Eagle Pose: common questions

What are the benefits of Eagle Pose?
Garudasana develops single-leg balance, focus and coordination while stretching the shoulders, upper back and outer hips. The standing leg, ankle and core work to keep you steady, so it builds both flexibility and stability.
How do I stop wobbling in Garudasana?
Fix your gaze on one still point ahead, keep the standing knee softly bent and draw your lower belly in. Coming in slowly and using a wall or chair nearby for light support helps the balance settle as you build confidence.
What if I cannot wrap my foot behind my calf?

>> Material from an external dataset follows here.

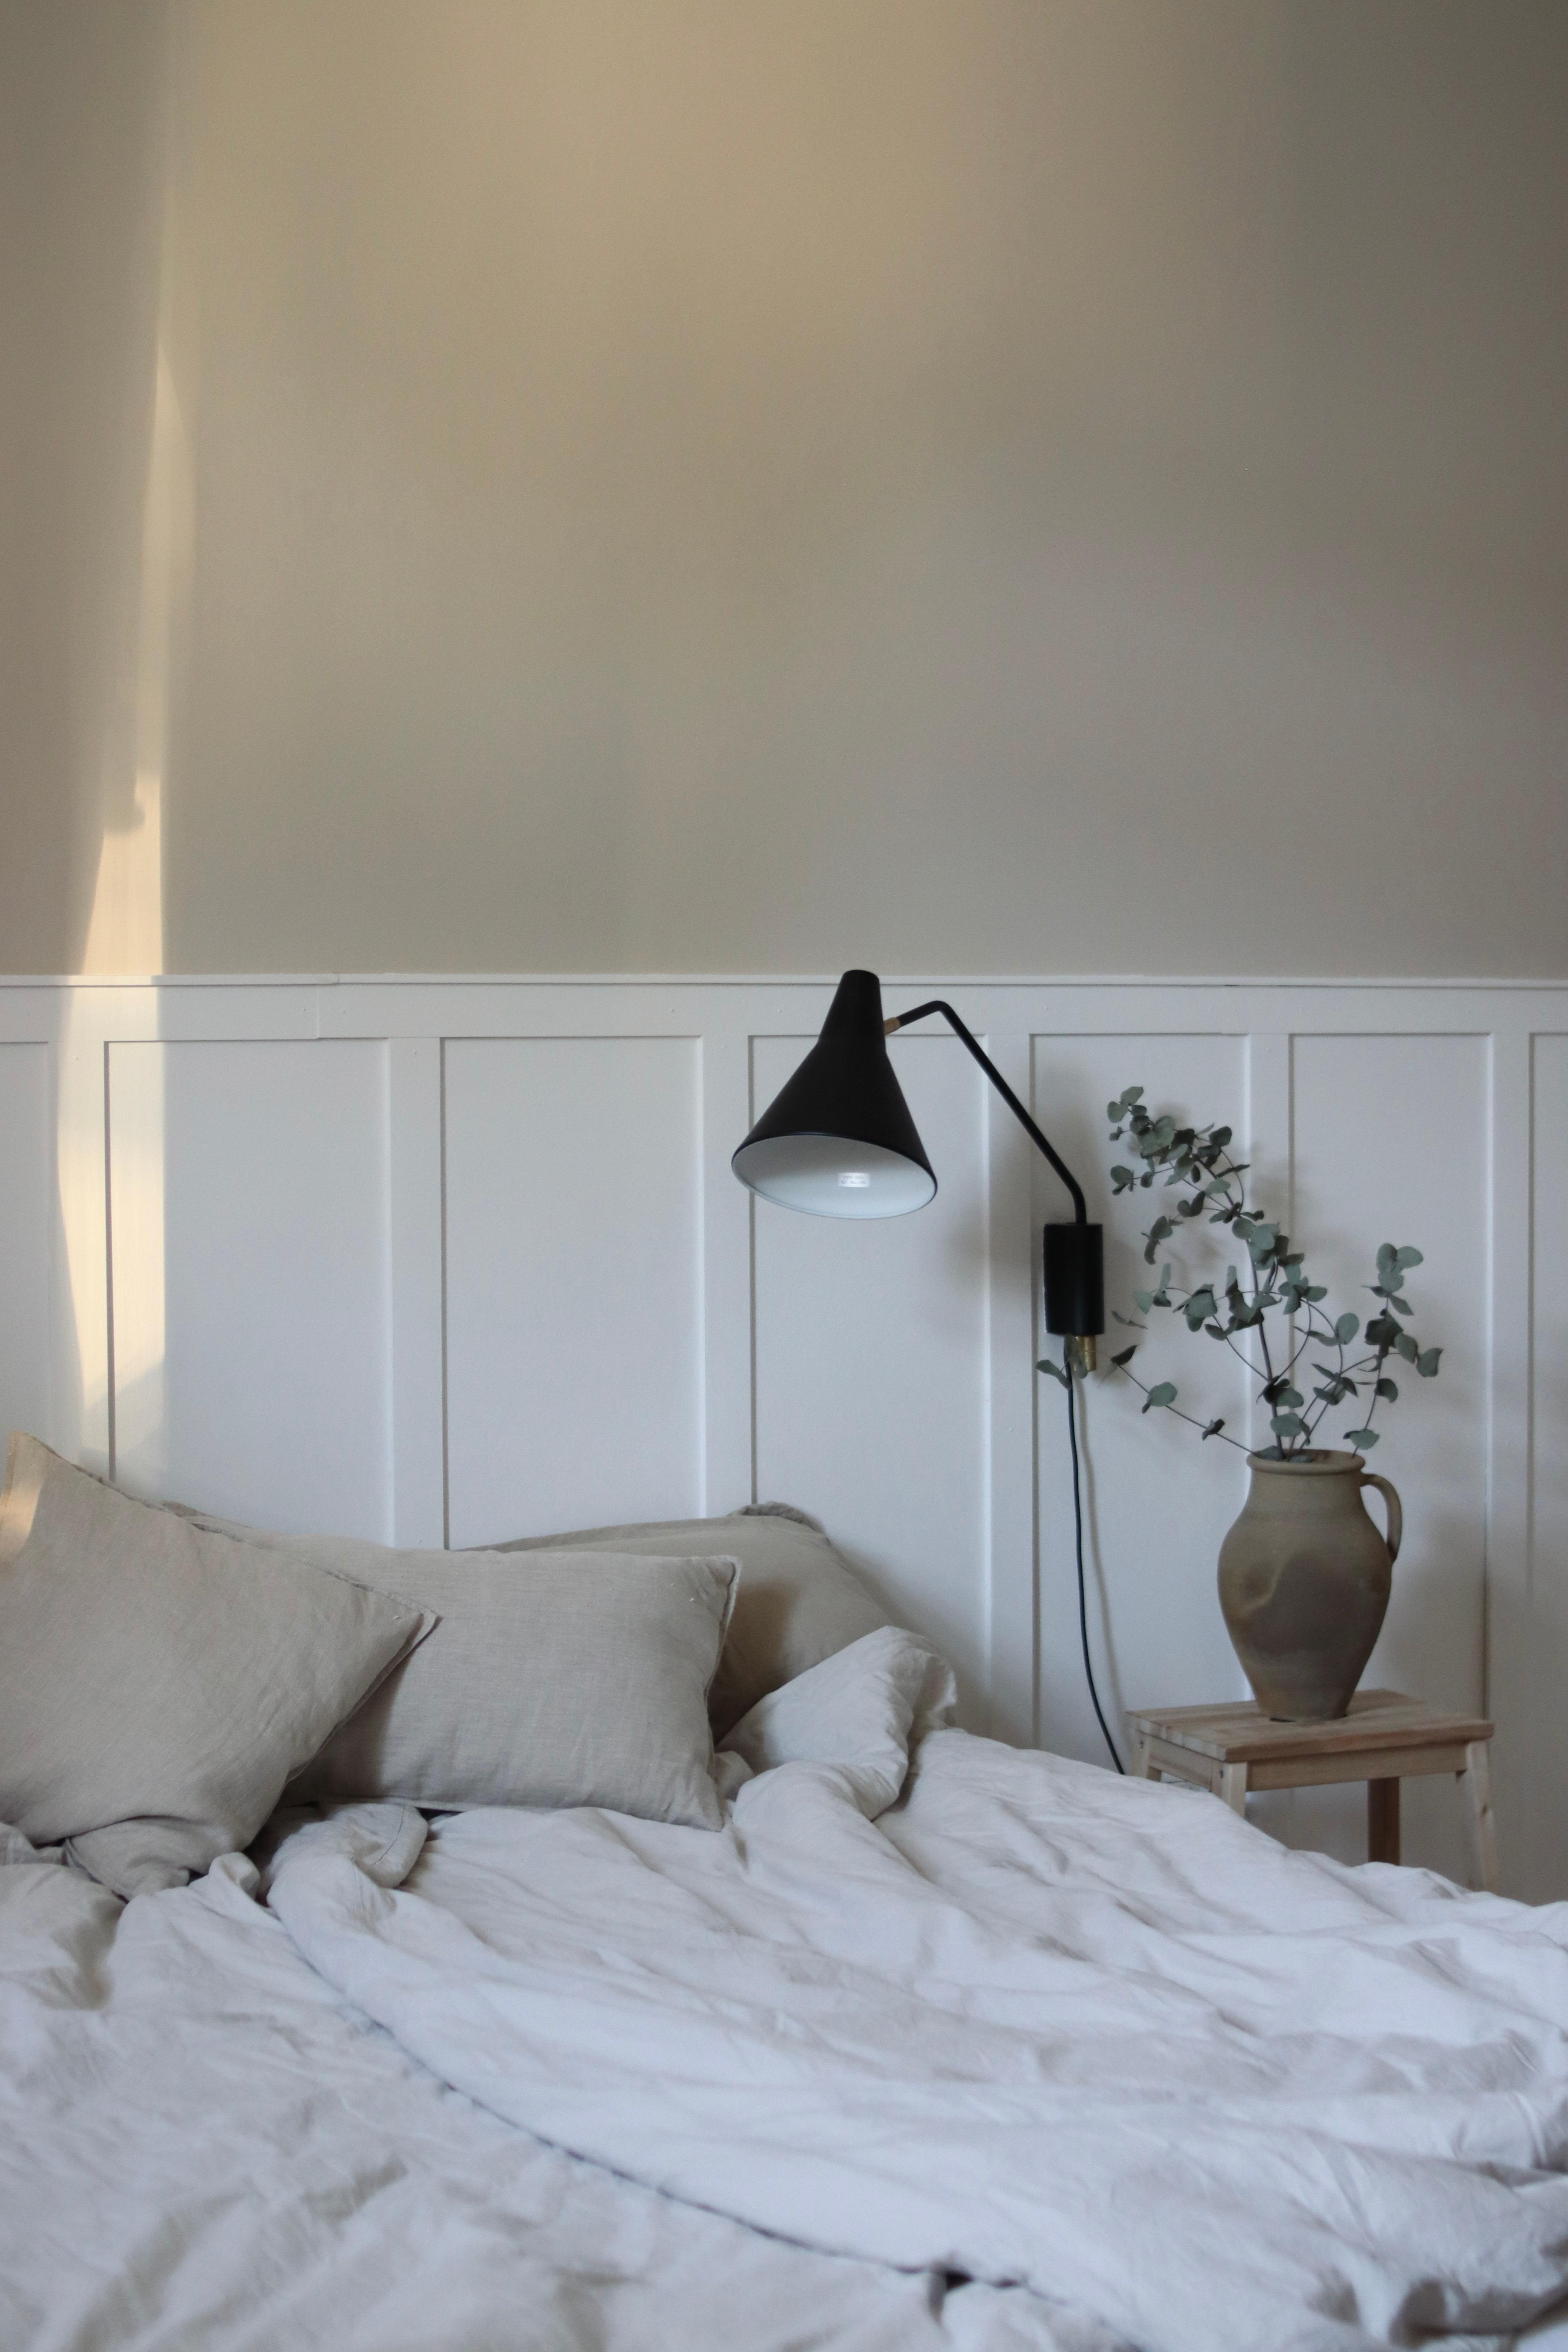 Where u find me today 🤍
#bedroom#diy#wandverkleidung

That is very common. Simply cross the top thigh over the standing thigh and let the toes rest on the floor like a kickstand. The hip and balance benefits are still there, and the full wrap may come with practice.
How do I do the arms in Eagle Pose?
Cross one arm under the other at the elbows, then wind the forearms so the palms move towards each other, and gently lift the elbows. If that is too much, hug opposite shoulders instead. Keep the shoulders drawing down away from the ears.
Is Eagle Pose suitable for beginners?
It is usually taught as an intermediate balance, but beginners can practise an accessible version with the kickstand leg, a simple arm hug and a wall nearby. Build it up gradually rather than forcing the full wrap on day one.